RECORDS SHOWN =
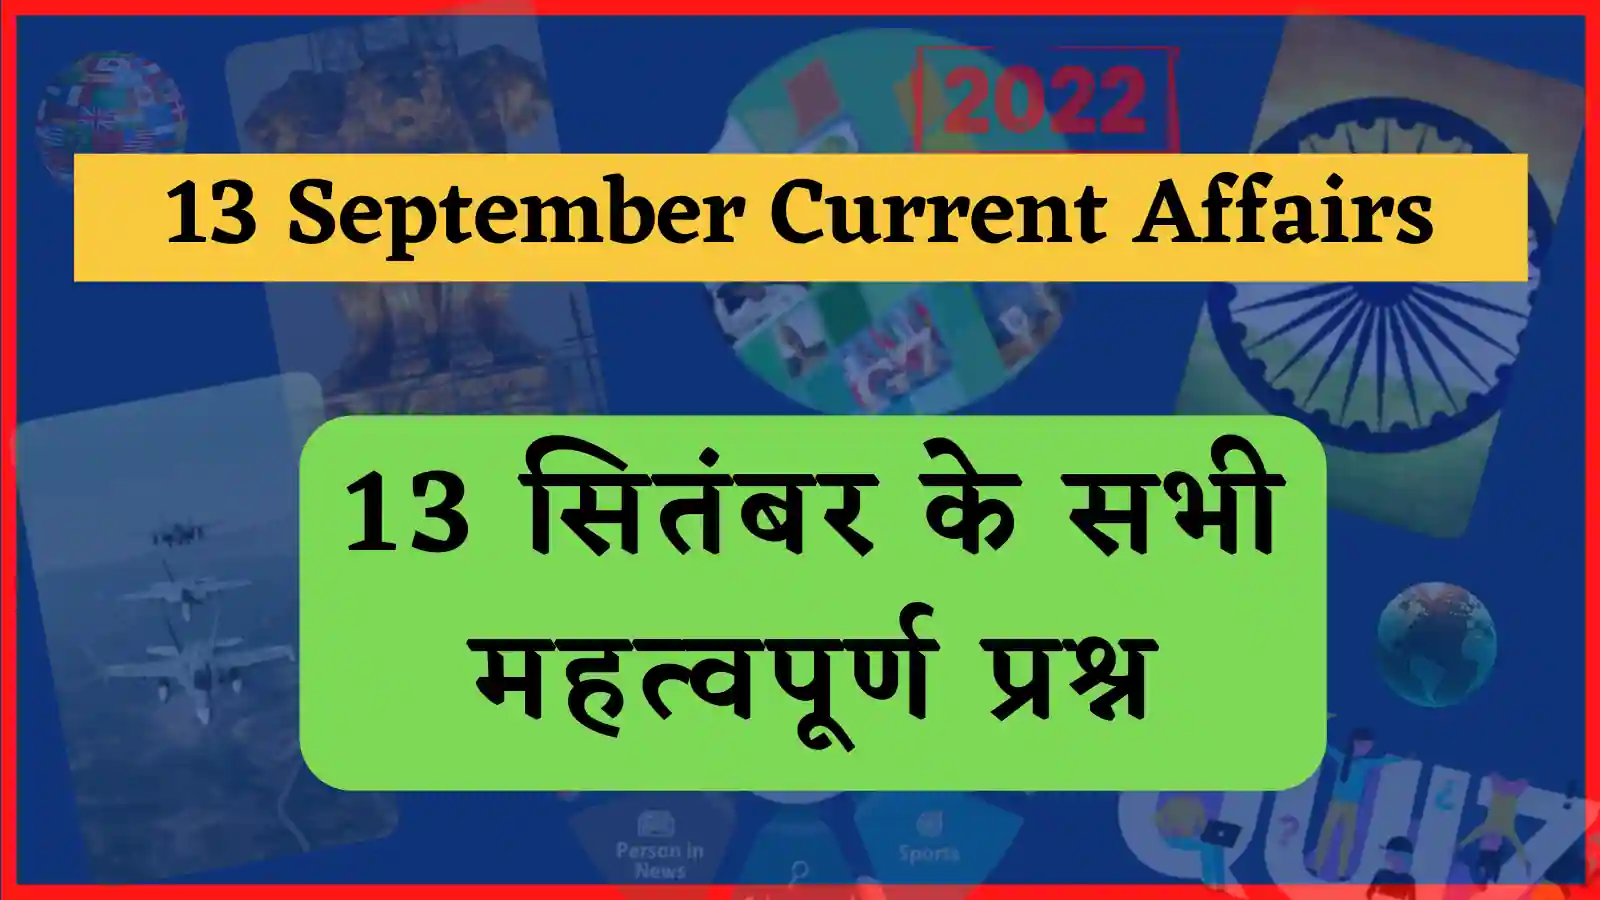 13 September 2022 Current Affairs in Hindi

---

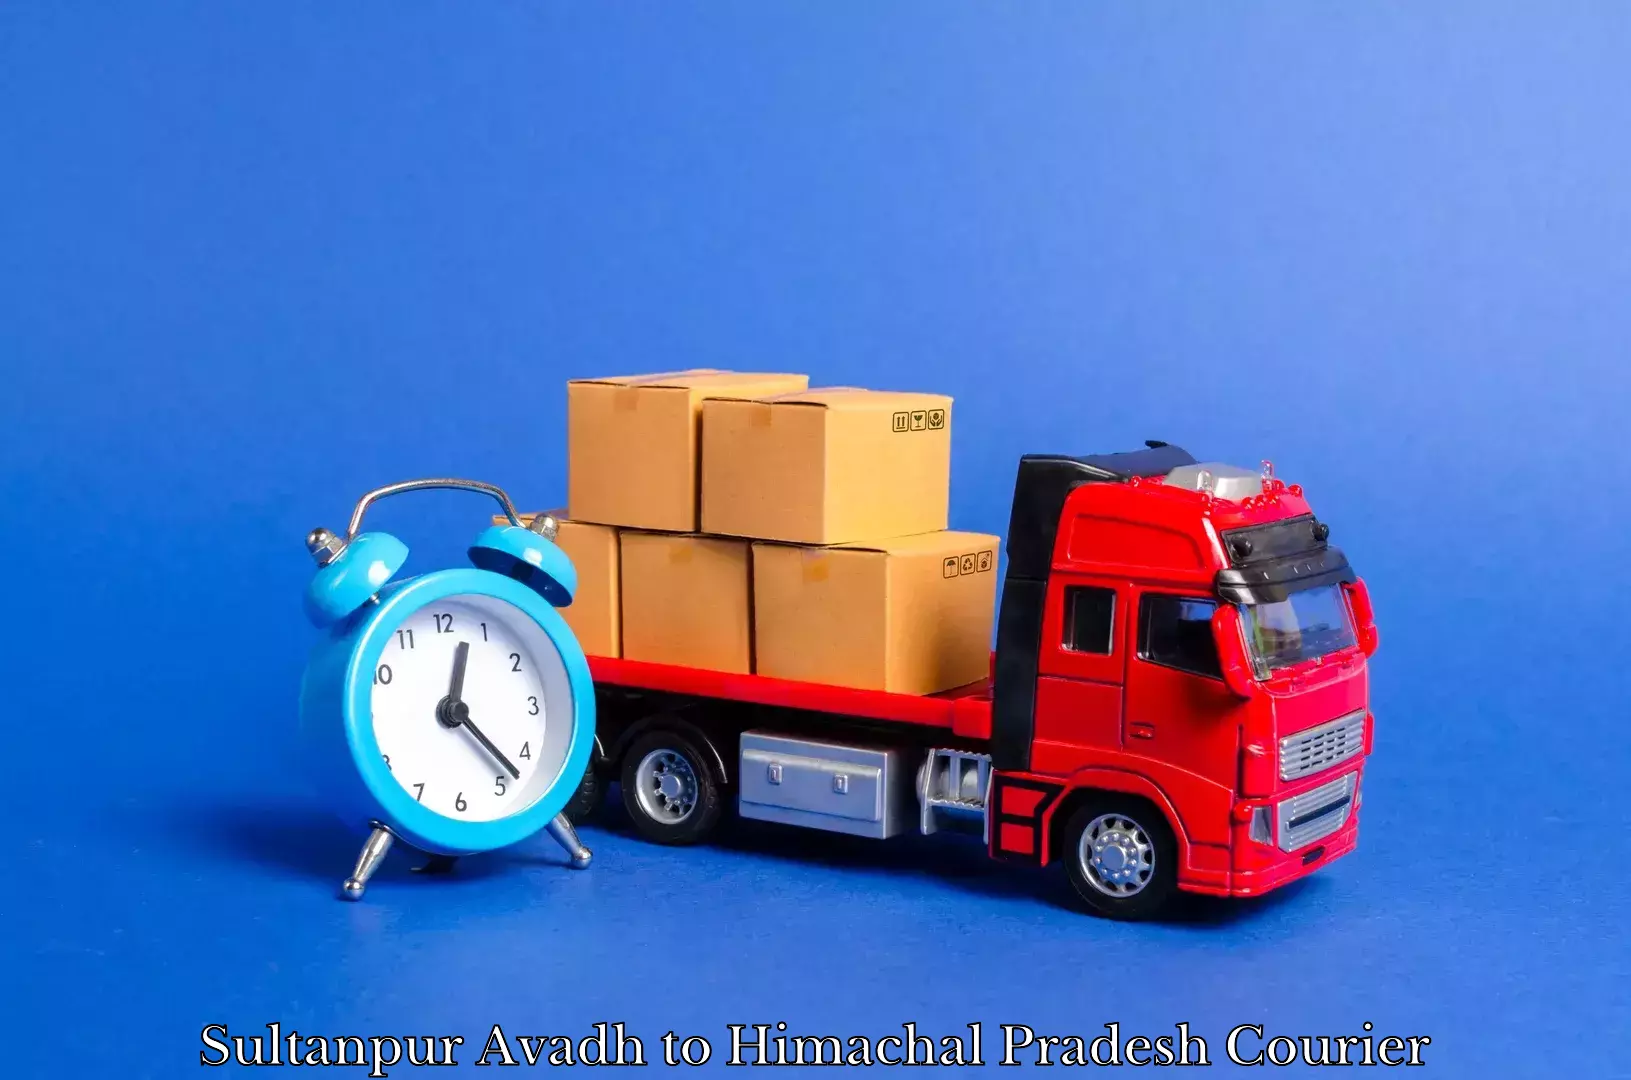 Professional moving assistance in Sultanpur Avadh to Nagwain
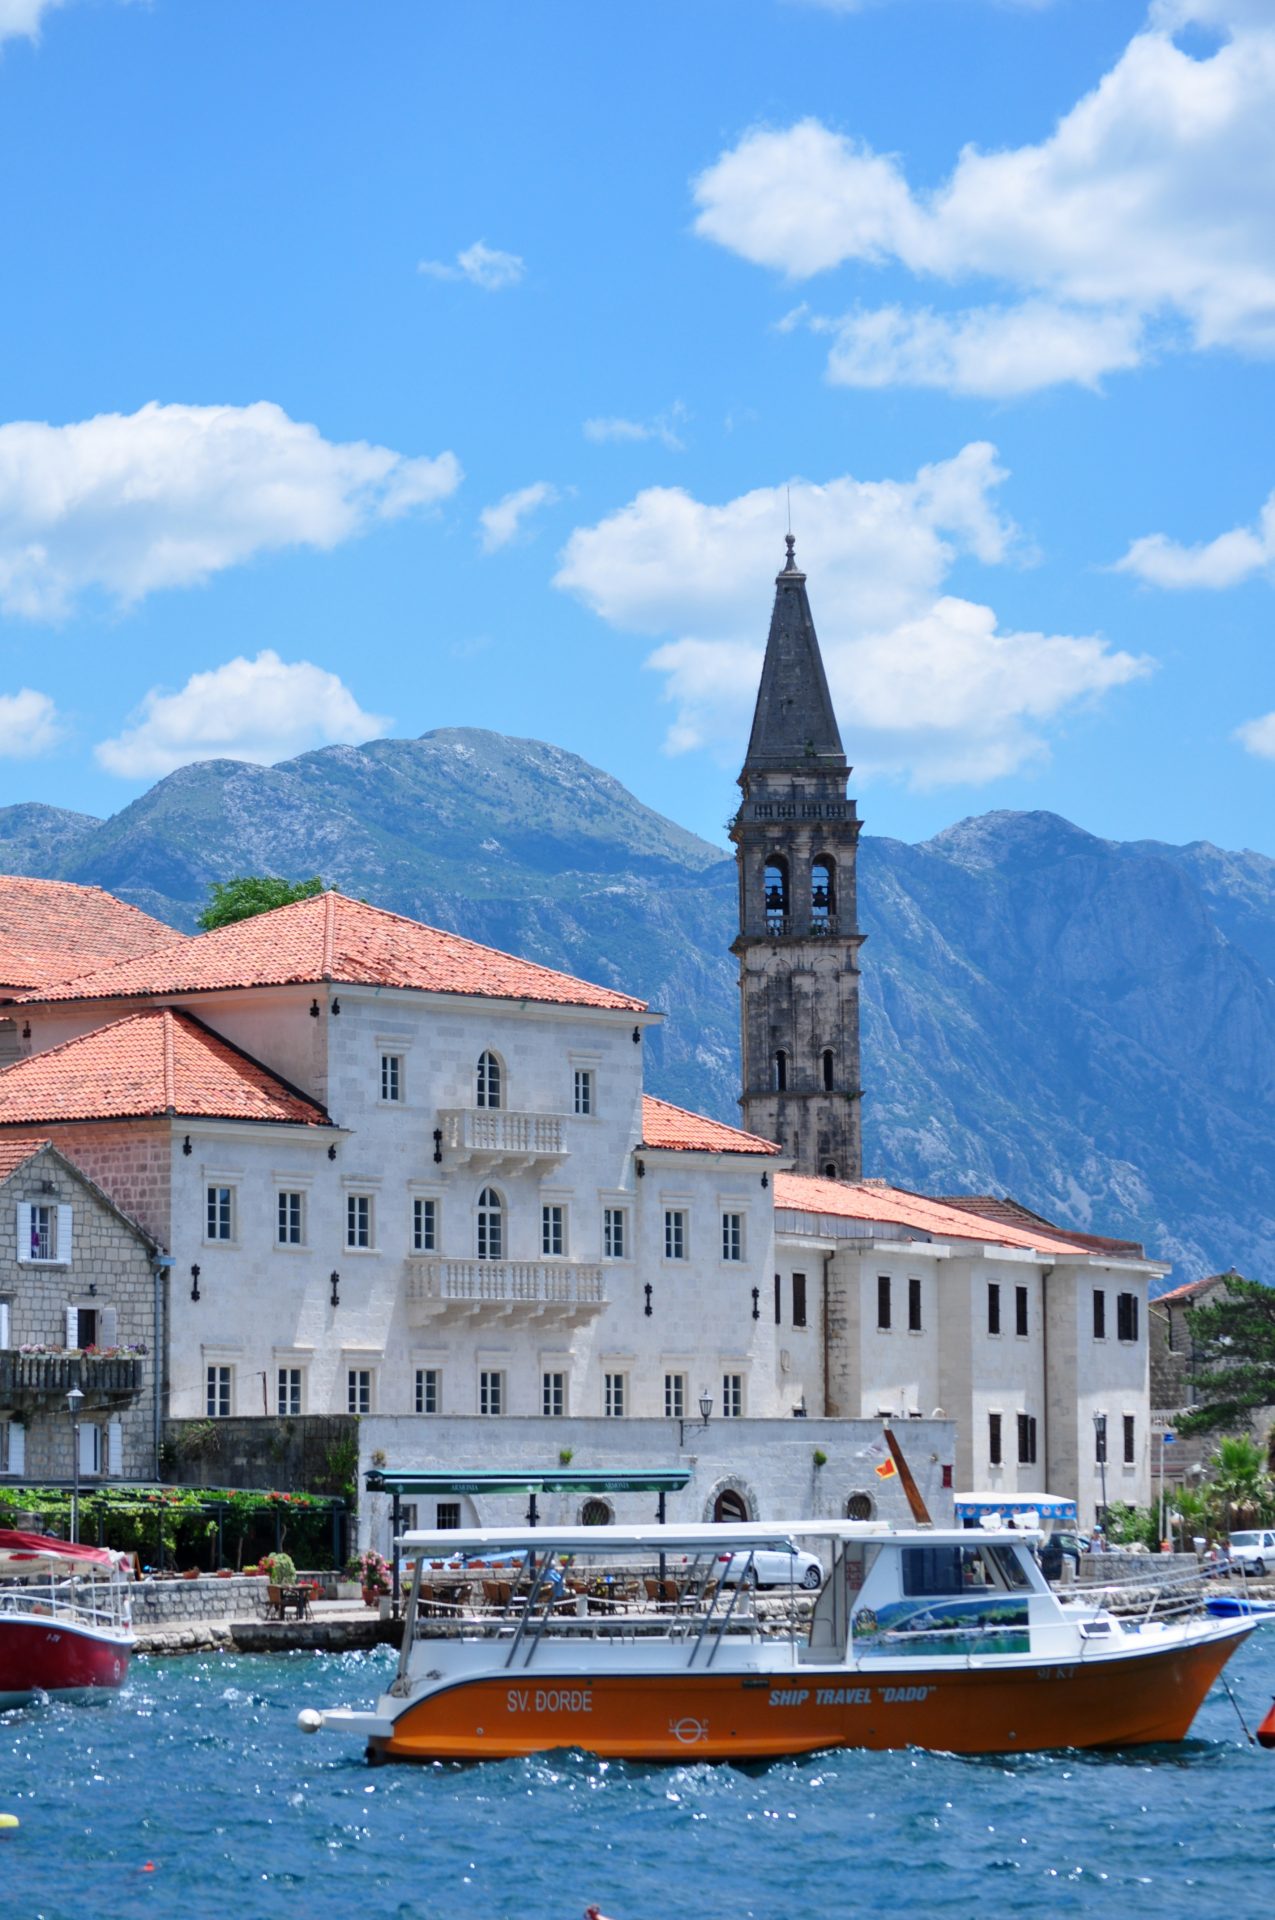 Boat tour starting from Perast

* * *

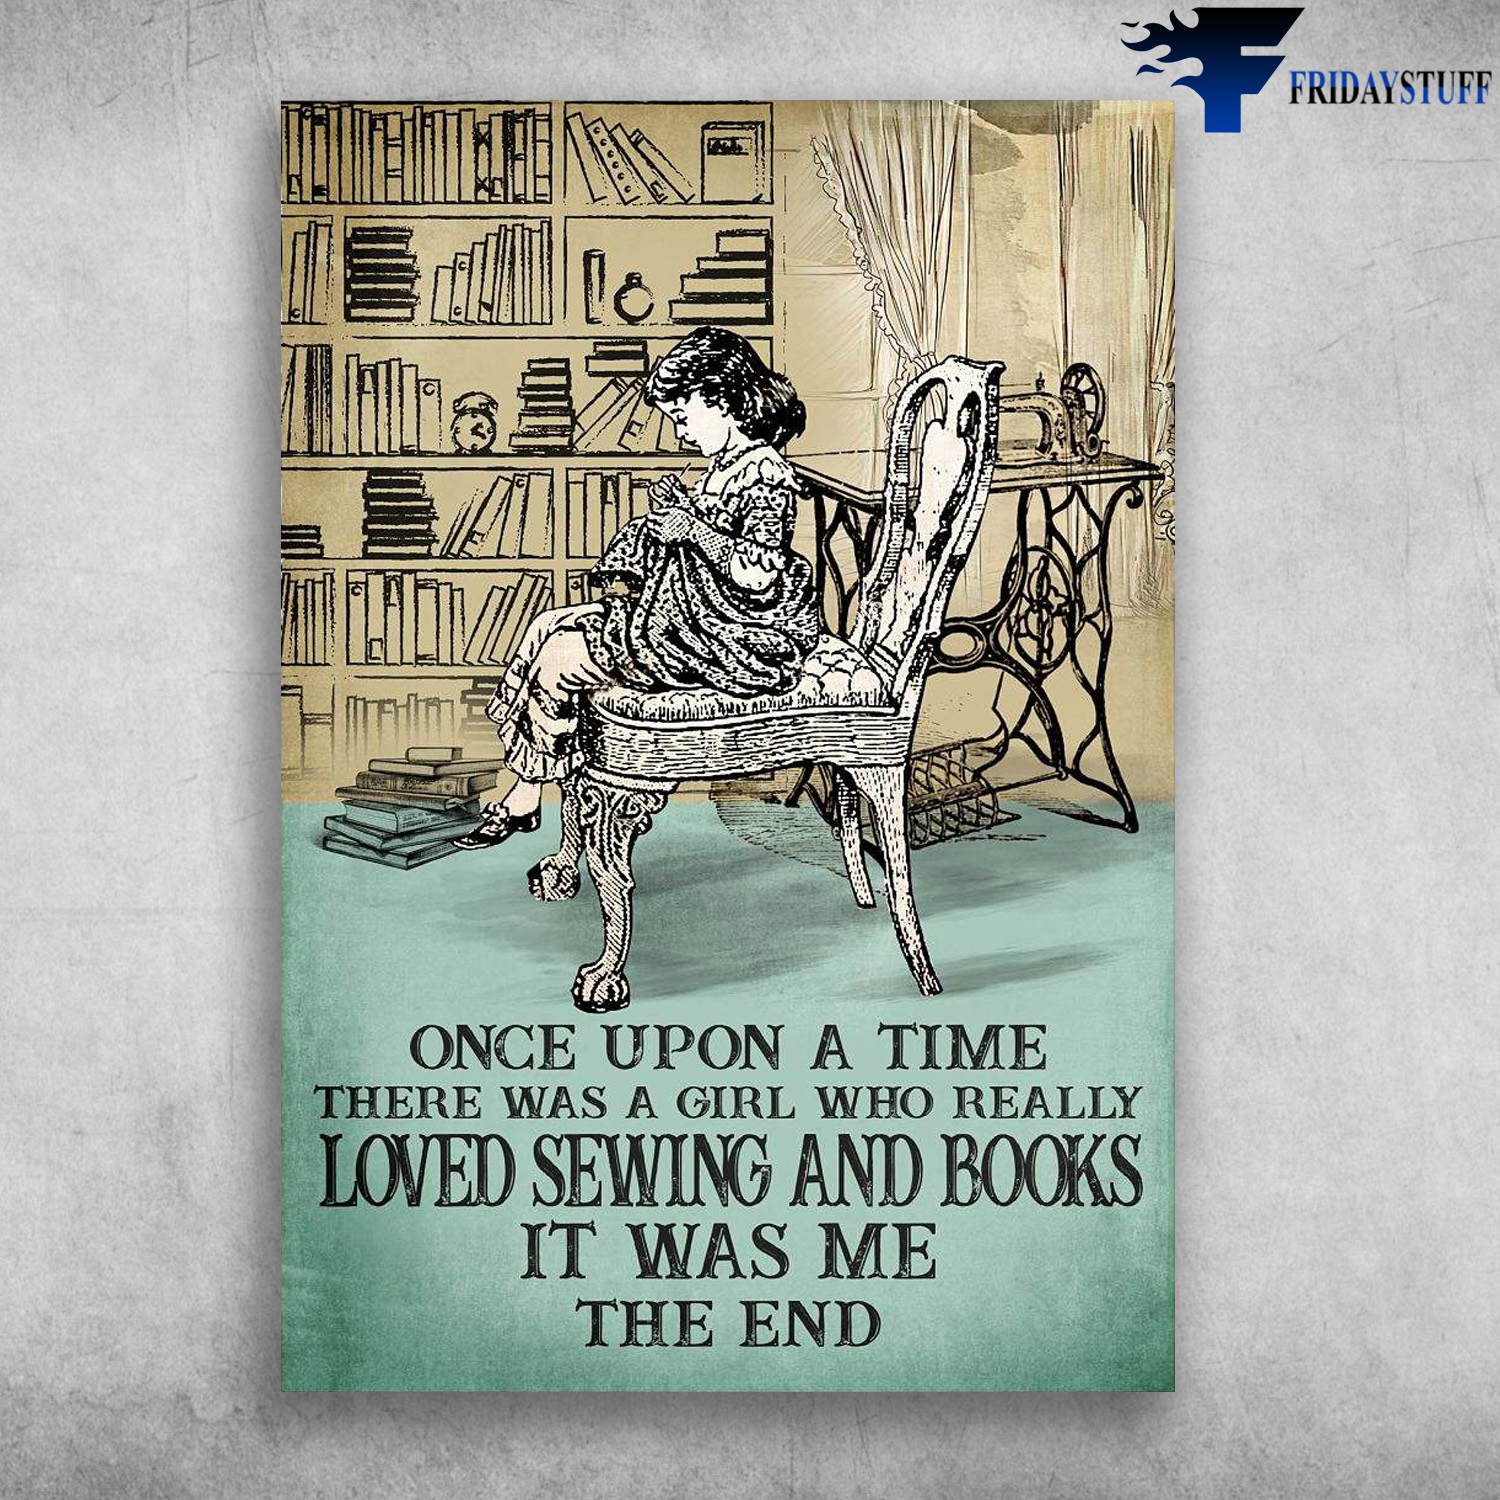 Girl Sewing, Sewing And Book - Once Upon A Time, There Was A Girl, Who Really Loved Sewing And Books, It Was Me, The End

WHAT IS NEEDED = In the listing above, find the line containing "Professional moving assistance" and the line containing "Boat tour starting from Perast", then output those two lines and everything between them exactly as written, without the images.

RESULT OF THIS EXERCISE =
 Professional moving assistance in Sultanpur Avadh to Nagwain
 Boat tour starting from Perast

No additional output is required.